* [WHAT IS BEING ASKED]
Print out the full material below, exact in every line, with no images included.

* [RAW DATA]
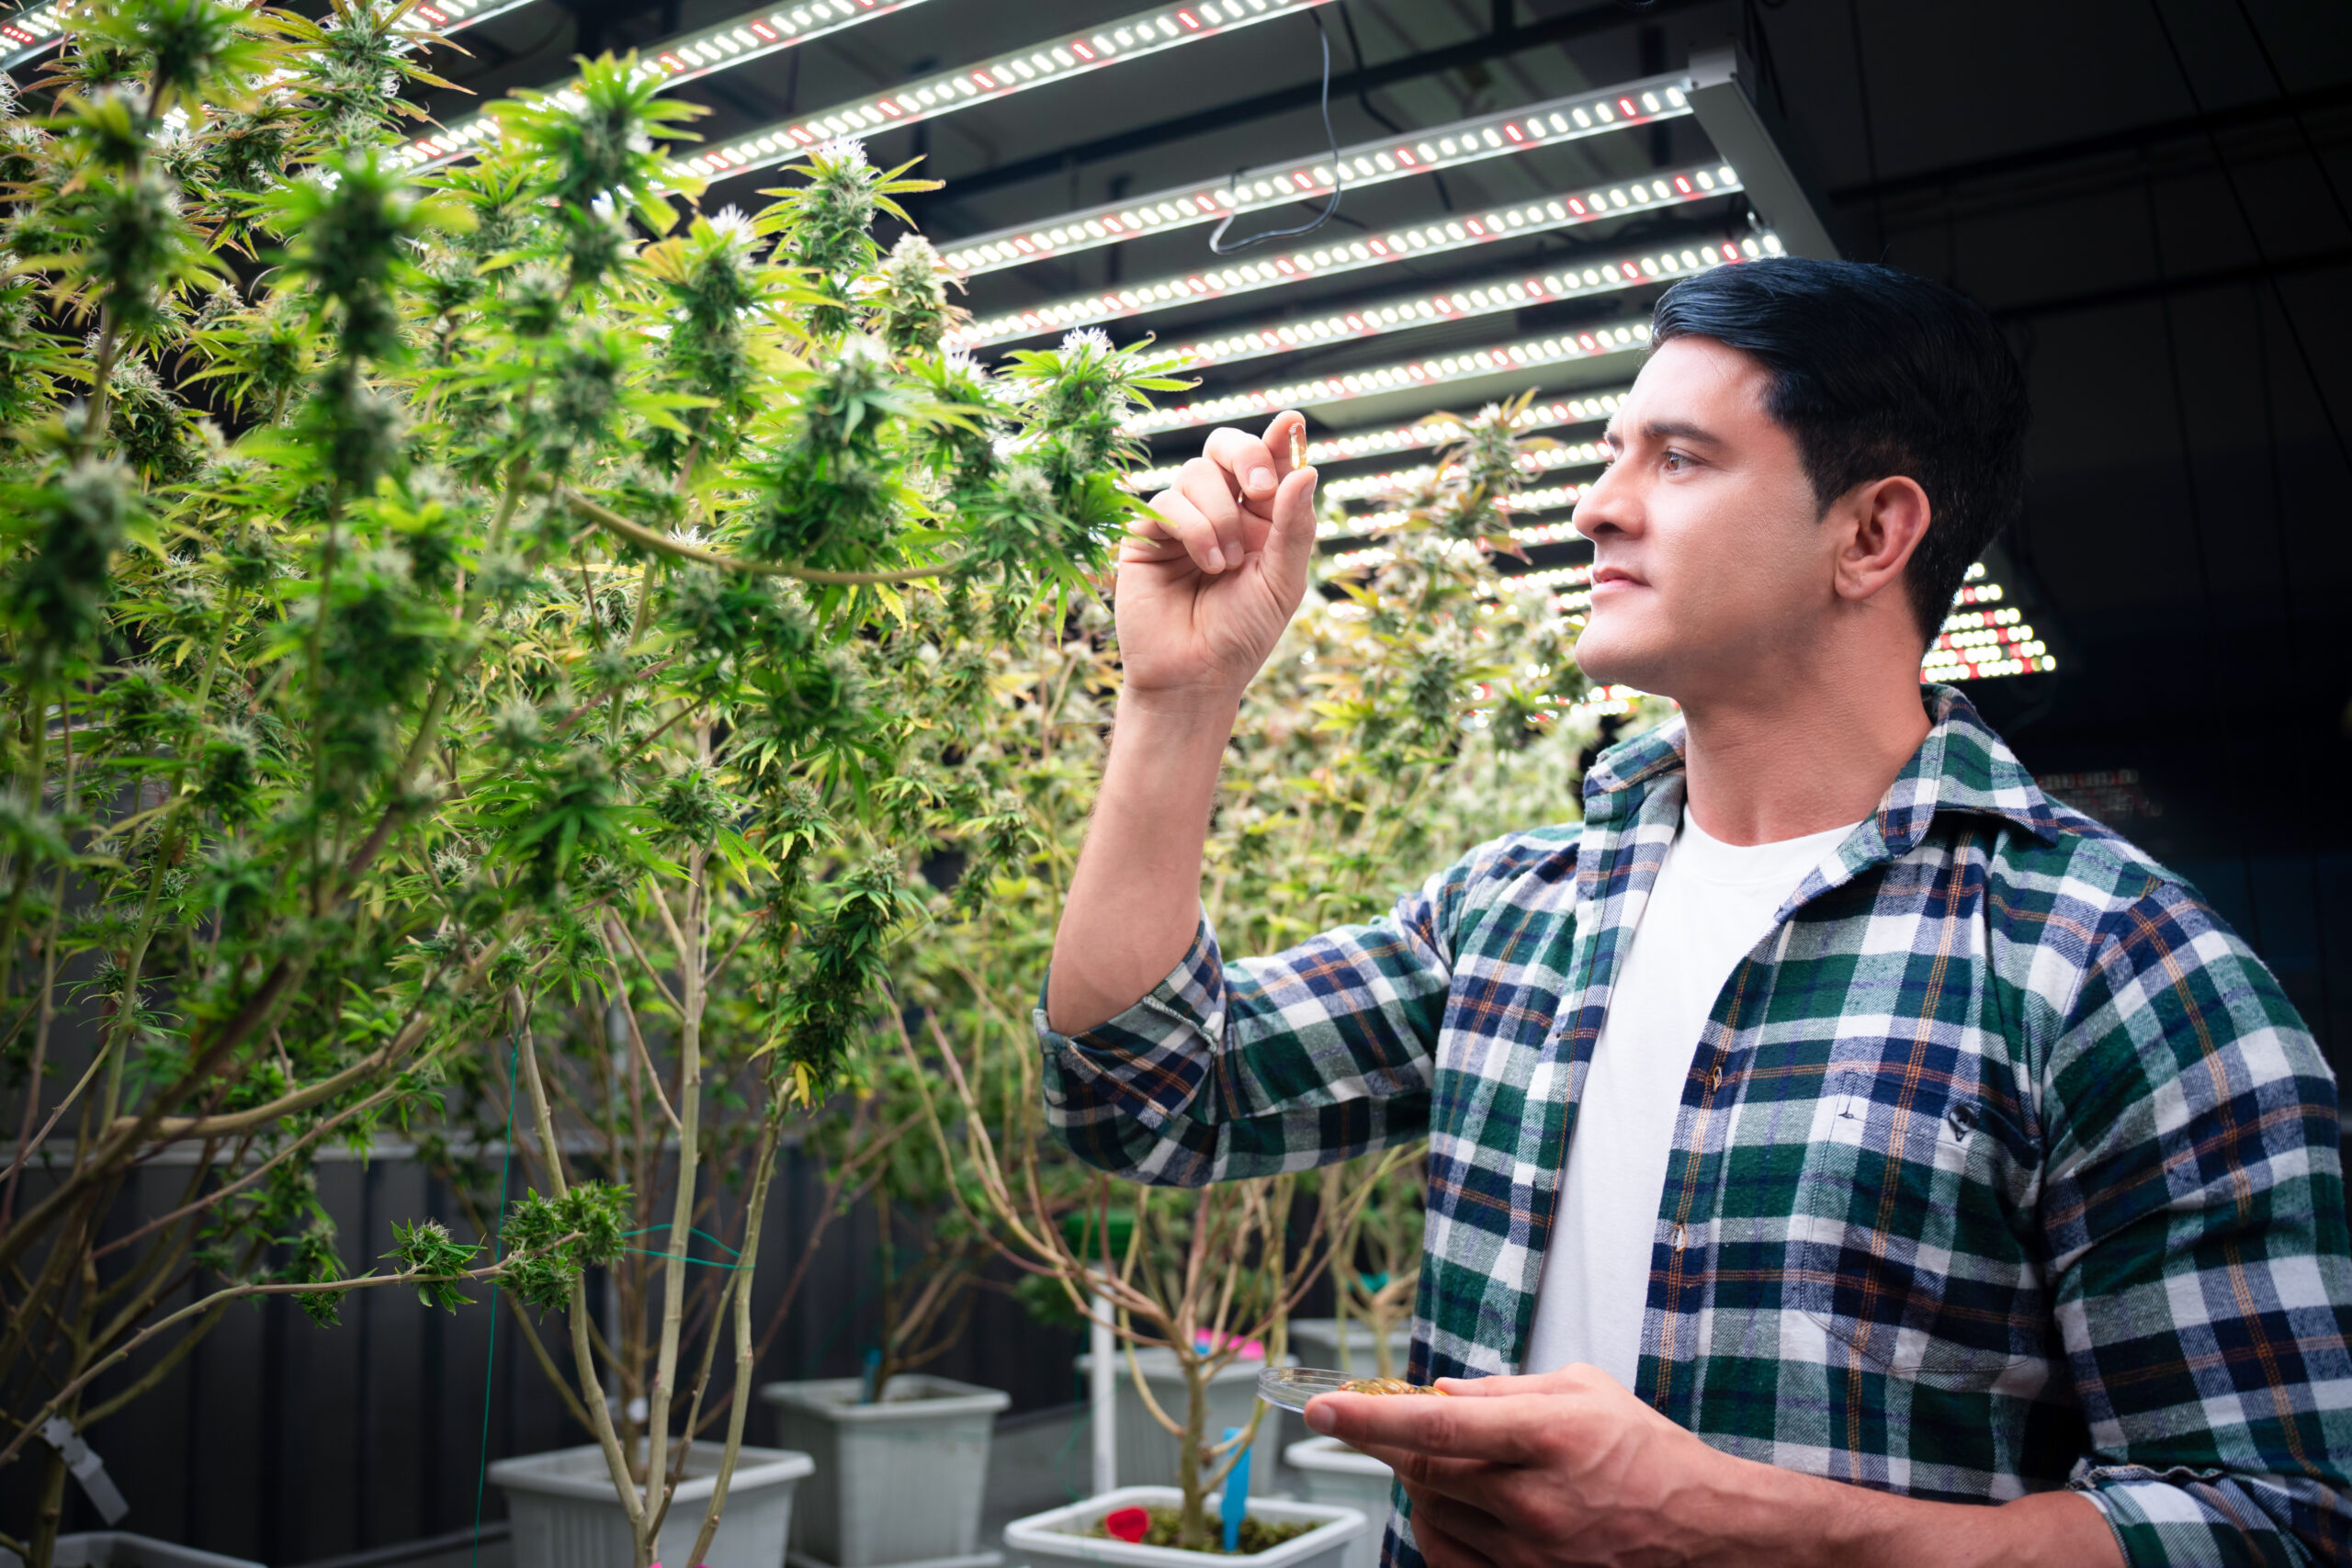 Businessman inspects cannabis crop.
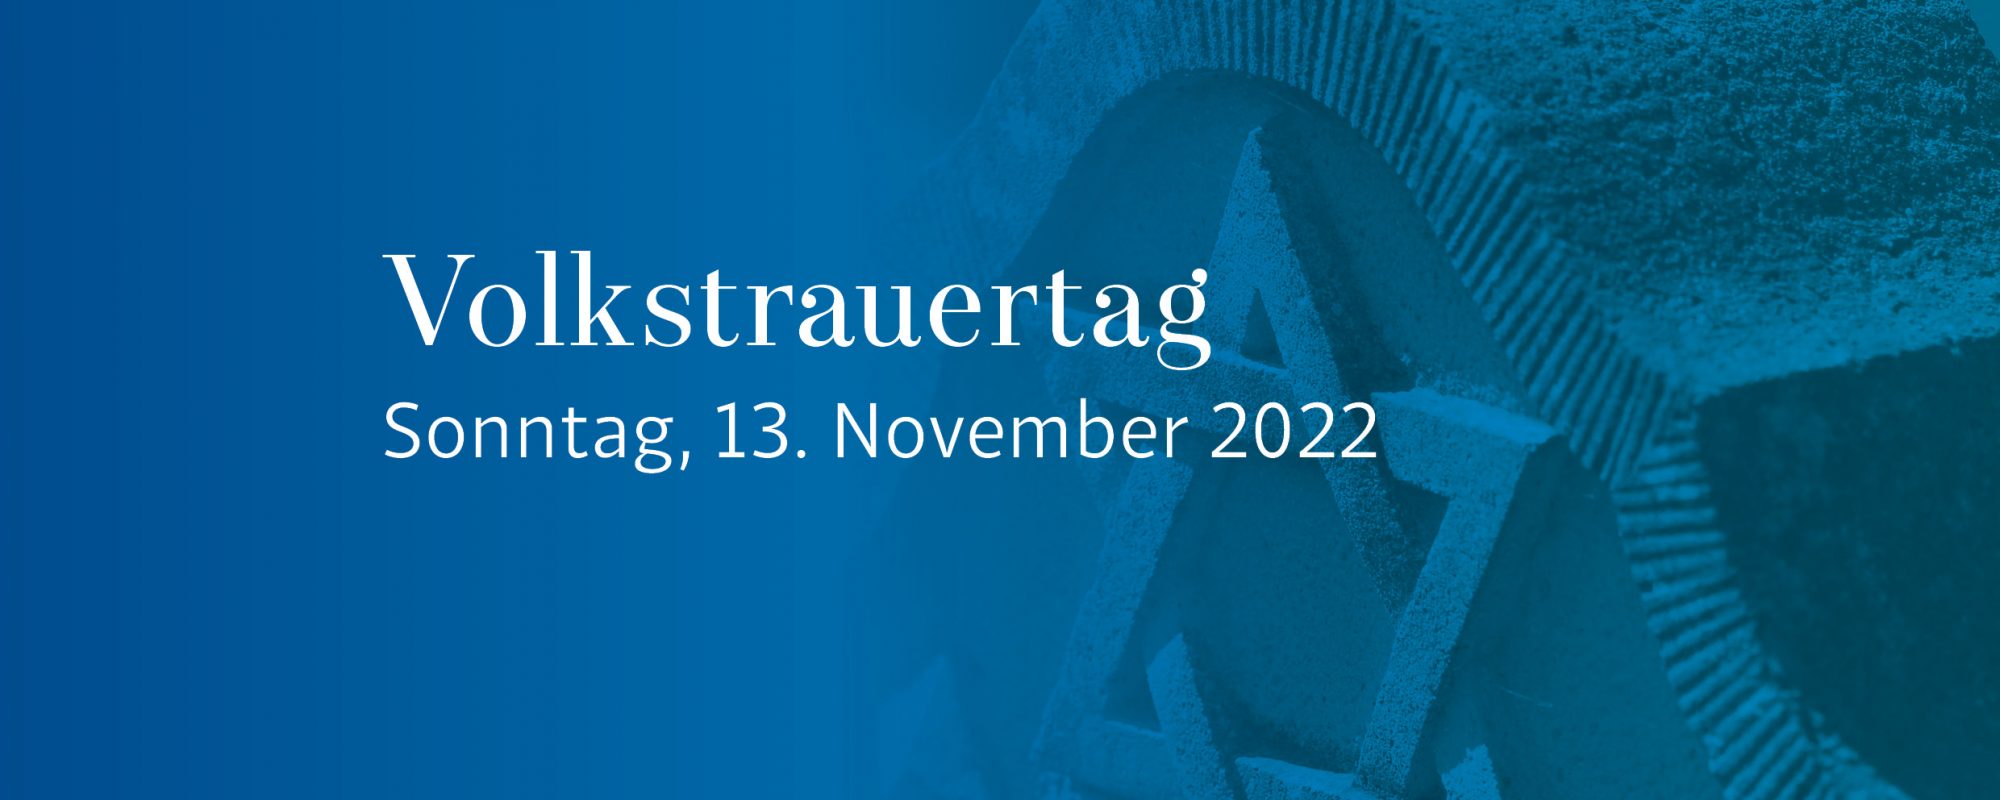 Volkstrauertag 2022 Würzburg
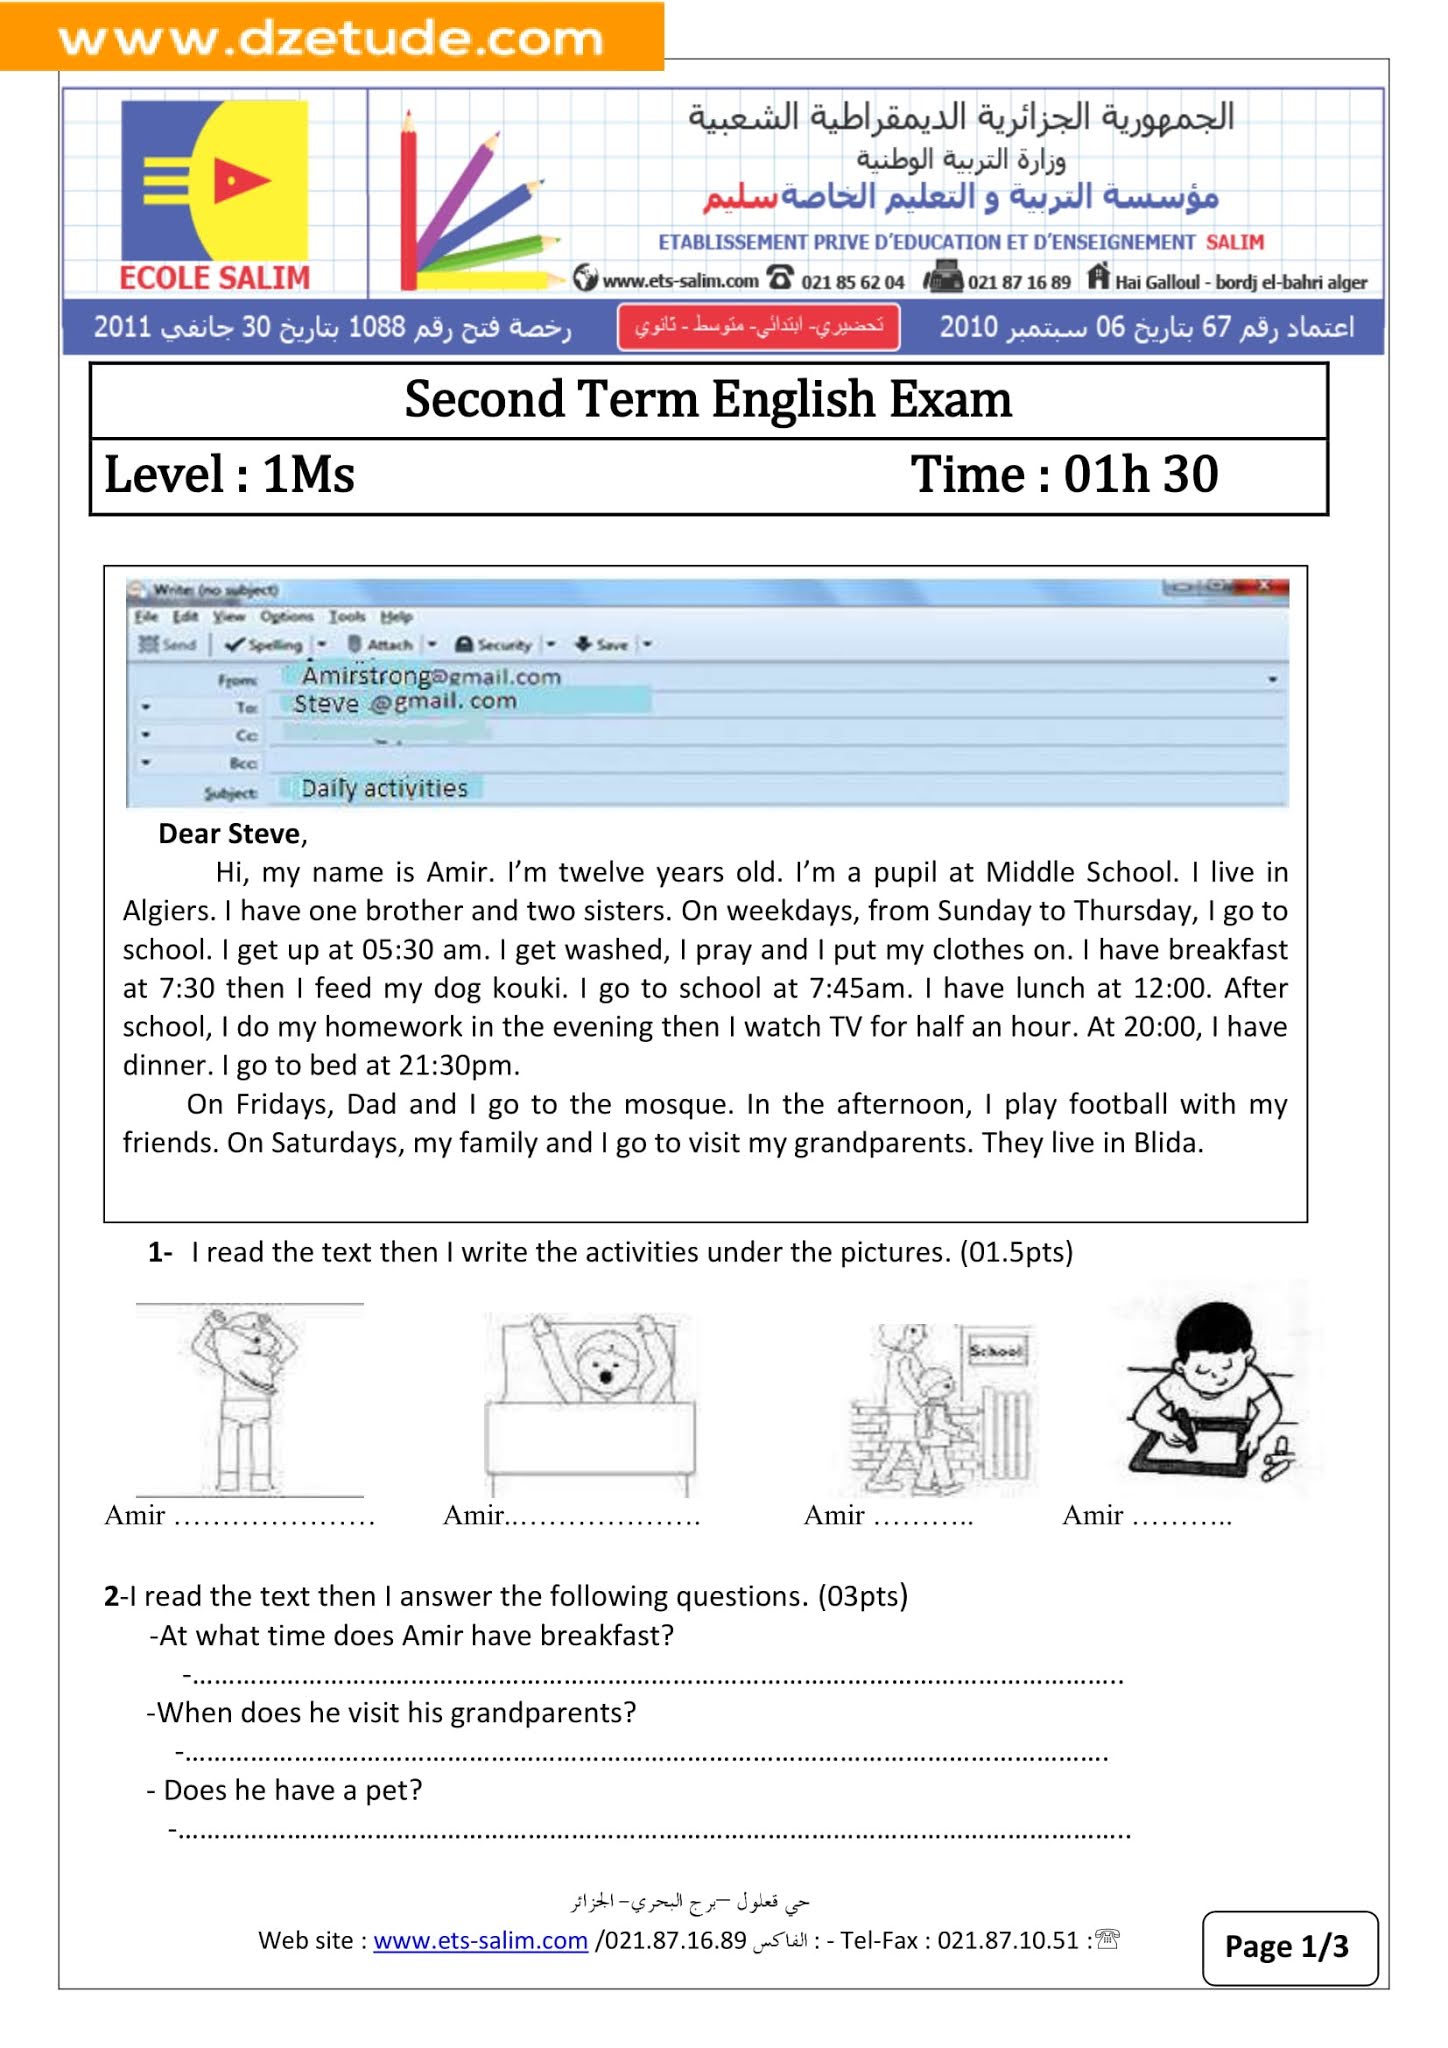 إختبار اللغة الإنجليزية الفصل الثاني للسنة الأولى متوسط - الجيل الثاني نموذج 2

* [RESPONSE]
 Businessman inspects cannabis crop.
 Volkstrauertag 2022 Würzburg
 إختبار اللغة الإنجليزية الفصل الثاني للسنة الأولى متوسط - الجيل الثاني نموذج 2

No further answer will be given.